Getting your first 10 customers is the hardest part of building a SaaS. Not because it requires a big marketing budget — it doesn't. It requires you to do things that don't scale: manual outreach, showing up in communities, and talking to people one at a time. Here's exactly how to do it.
Why the First 10 Customers Are Different
Your first 10 customers aren't found through SEO, ads, or product-led growth. They're found through hustle. These customers will define your product — they'll give you the feedback that shapes everything. Pick them carefully: they should have the exact problem you're solving, not just be people who will say yes to be nice.

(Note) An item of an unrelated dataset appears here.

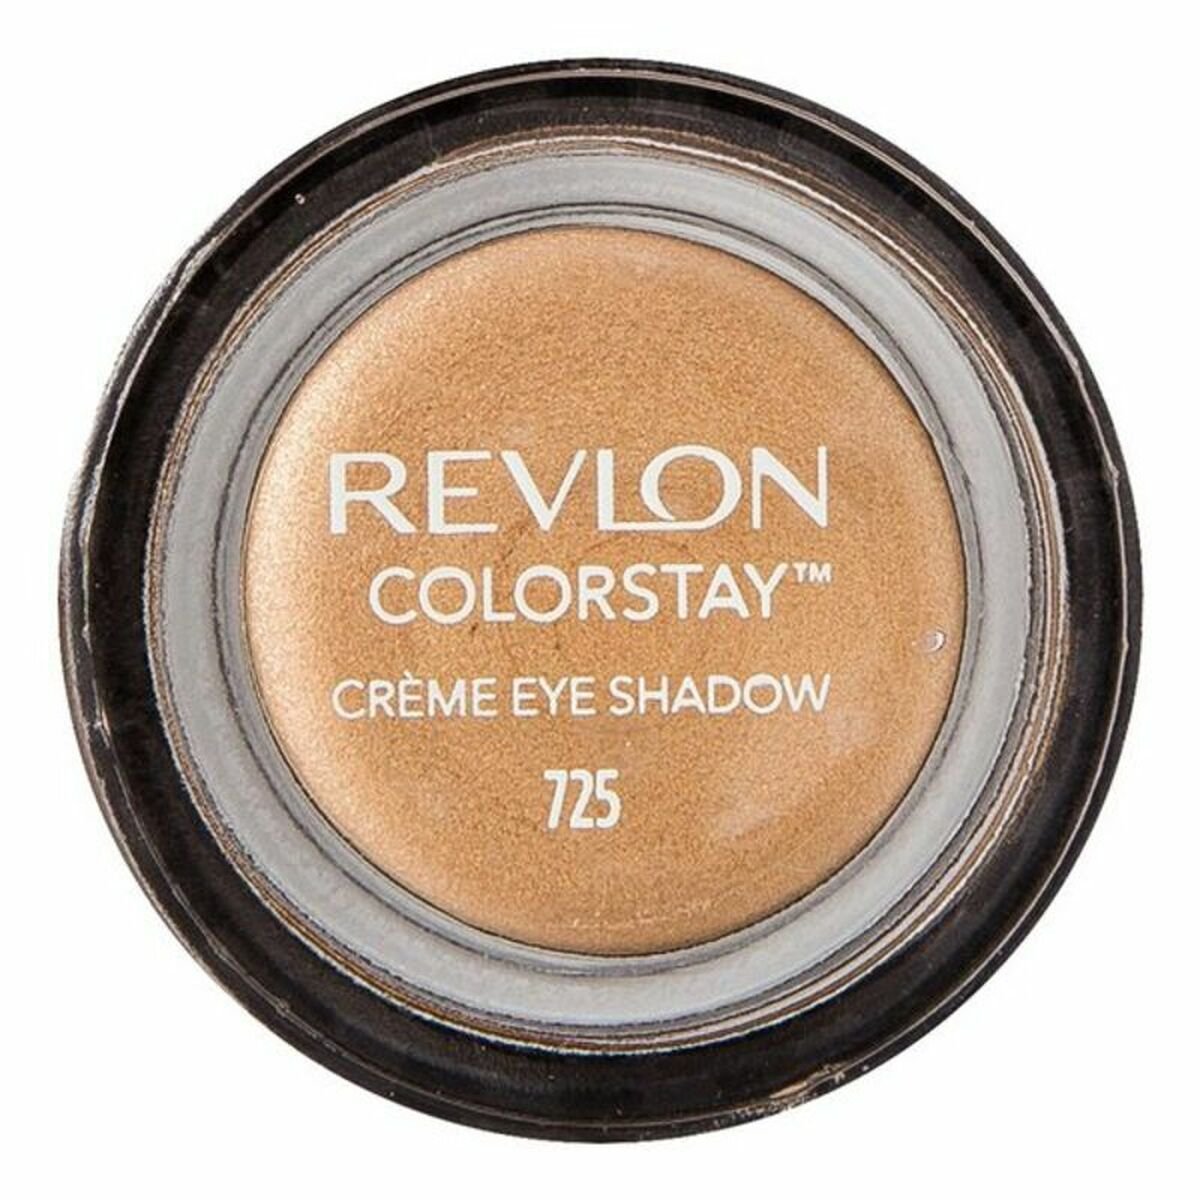 Eyeshadow Colorstay Revlon - JOSEPH BEAUTY

Strategy 1: Start With Your Network
Write a list of 50 people you know. Email or DM each one: 'I'm building [X] for [Y problem]. Do you know anyone who deals with this?' You're not selling — you're asking for introductions. This generates warm leads with a built-in trust layer. Expect 2–5 paying customers from 50 outreach messages.

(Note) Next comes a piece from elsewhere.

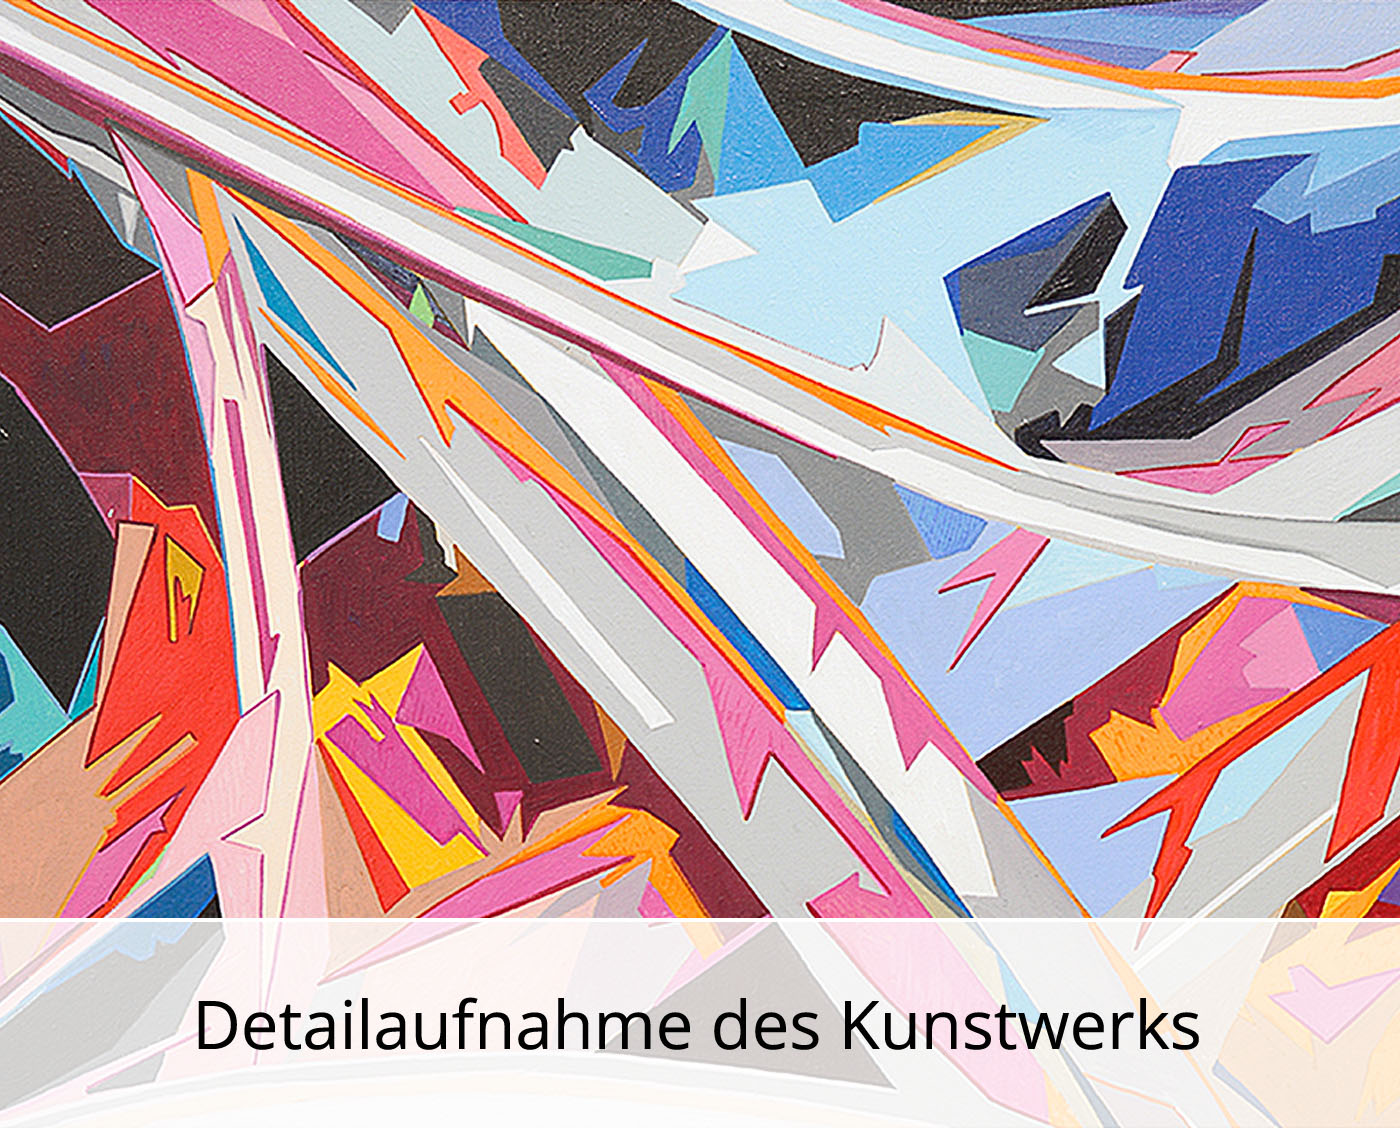 U. Fehrmann: "Always and everywhere III", Edition, signierter Kunstdruck auf Leinwand

Strategy 2: Find Communities Where Your Customers Hang Out
- Reddit: Find 3 subreddits where your target customer discusses their pain
- Slack/Discord: Join industry-specific communities and participate genuinely
- LinkedIn: Post content about the problem, not your solution
- IndieHackers: Share your build journey (founders support founders)
- Twitter/X: Build in public — document what you're building and why
Spend 30 minutes a day answering questions in 2–3 communities before you even mention your product. Build credibility first, then share what you're building.
Strategy 3: Cold Outreach (Done Right)
Most founders do cold outreach wrong: they pitch immediately. The right approach is to lead with value. Find 20 potential customers on LinkedIn, read their recent posts, and send a message referencing something specific about them. Then ask one question about their problem. Response rates jump from 2% to 20% with this approach.
Cold DM Template That Works
Hey [Name] — I saw your post about [specific problem]. I'm building a tool that helps [target customer] with exactly this. Would you be open to a 15-minute call? No pitch — I want to understand the problem better before I show you what I'm building.
Strategy 4: Launch on ProductHunt
ProductHunt gives you a burst of early adopters who love trying new tools. A good launch (top 5 of the day) can bring 500–2,000 visitors and 20–100 signups. You need to prepare for 2 weeks: gather upvotes in advance, write a compelling tagline, and post at midnight PST on a Tuesday or Wednesday.
Strategy 5: Build in Public on Twitter/X
Post weekly updates: what you built, what you learned, your first signup, your first paying customer. The SaaS community actively roots for indie builders and tries products they've followed. Be specific and honest — 'signed up 3 users this week' beats vague 'making progress' every time.
What to Do With Your First 10 Customers
- Get on a call with each one within the first week
- Ask: what made you sign up? What do you wish it did that it doesn't?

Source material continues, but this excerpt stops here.